State: Making Components Remember

Use the useState hook to give a component memory that survives between renders — and watch React re-render automatically when it changes.

Step 1 of 2

Props come in; state lives inside

Props are data passed in from a parent, and they're read-only. But lots of things need to change inside a component over time: a like count, the text in a search box, whether a menu is open. That changing, component-owned data is called state.

You might think "I'll just use a normal variable." The problem: a plain variable change doesn't tell React to update the screen, and the variable resets to its starting value every time the component re-runs. State solves both: React remembers it between renders, and changing it tells React to re-render.

You create state with the useState hook:

const [count, setCount] = useState(0);
  • count — the current value (starts at 0).
  • setCount — the function you call to change it.
  • useState(0) — sets the starting value.

When you call setCount(count + 1), React updates the value and re-runs the component so the screen matches.
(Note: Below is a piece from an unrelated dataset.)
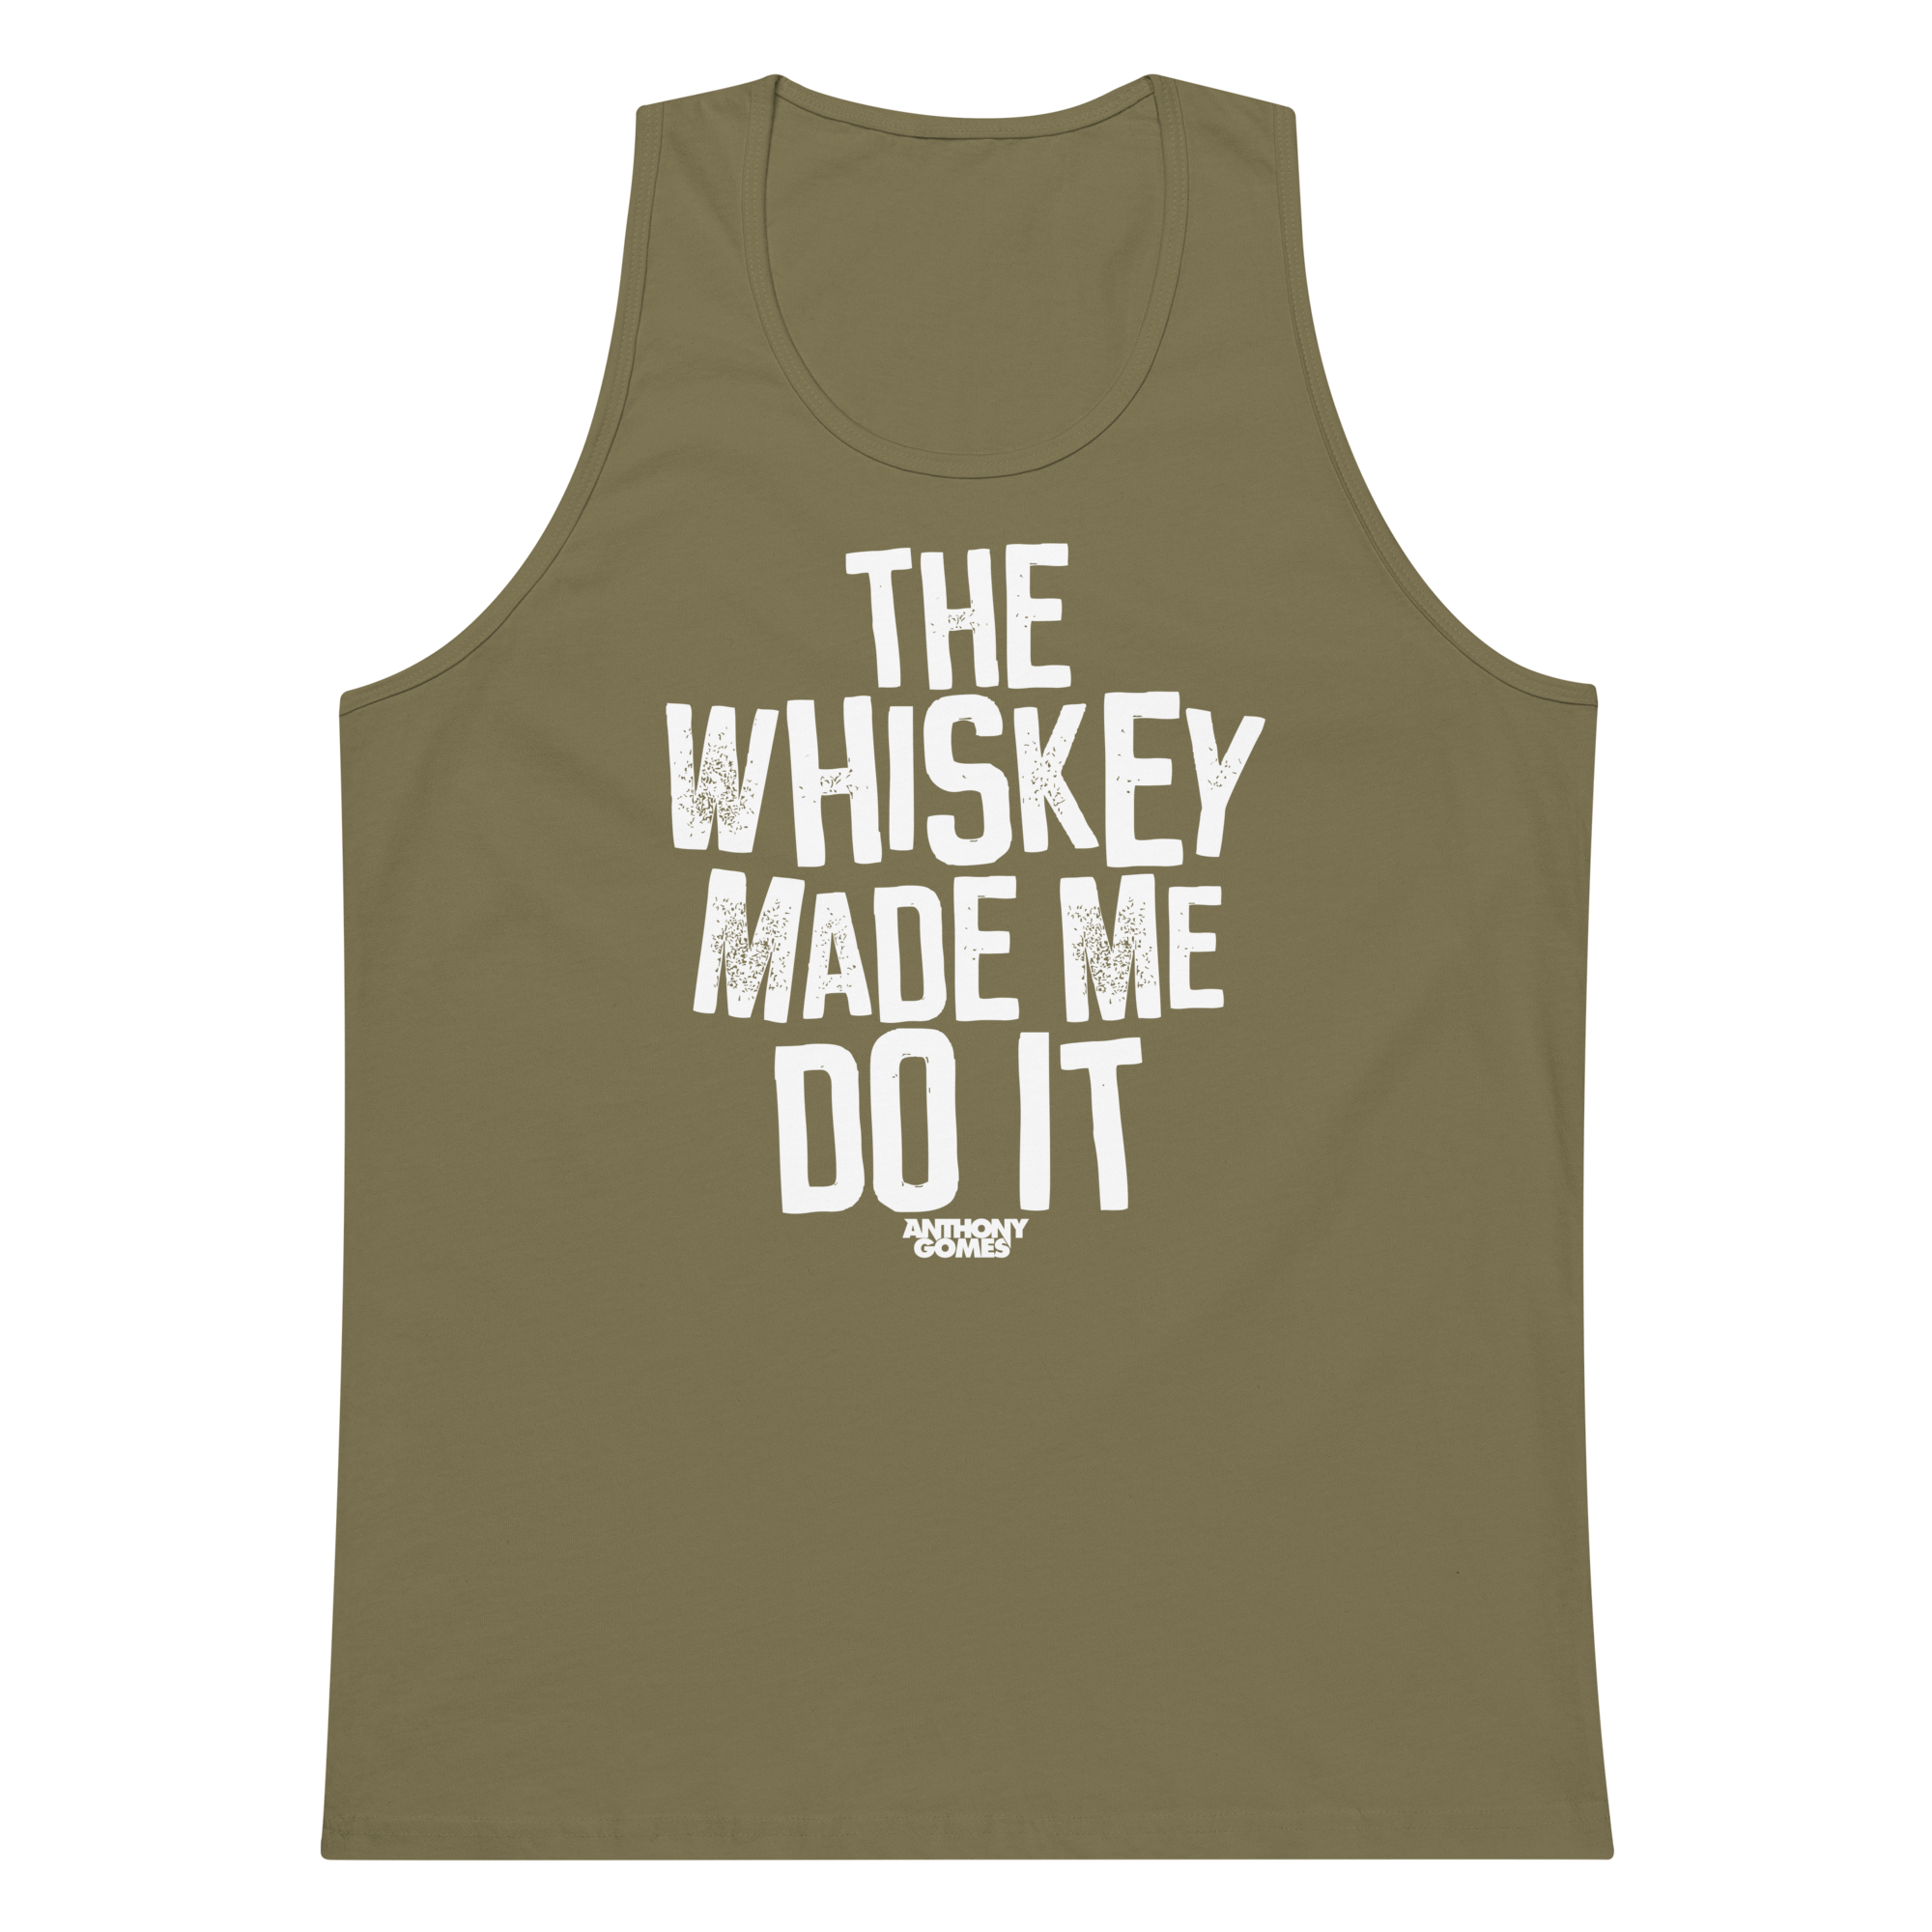 Men’s The Whiskey Tap Top - Available in 7 Colors (S-3XL)

This is the magic from lesson 1, finally in your hands.

Think of it this way: State is a whiteboard a component keeps next to its desk. Props are a memo handed to it from the boss (can't be edited). The whiteboard is the component's own — it can wipe and rewrite it, and whenever it does, React repaints the part of the screen that showed it.
Web Standard — the Rules of Hooks

Functions starting with use (like useState) are called hooks. Call them only at the top level of your component — never inside an if, a loop, or a nested function. React relies on hooks being called in the same order every render.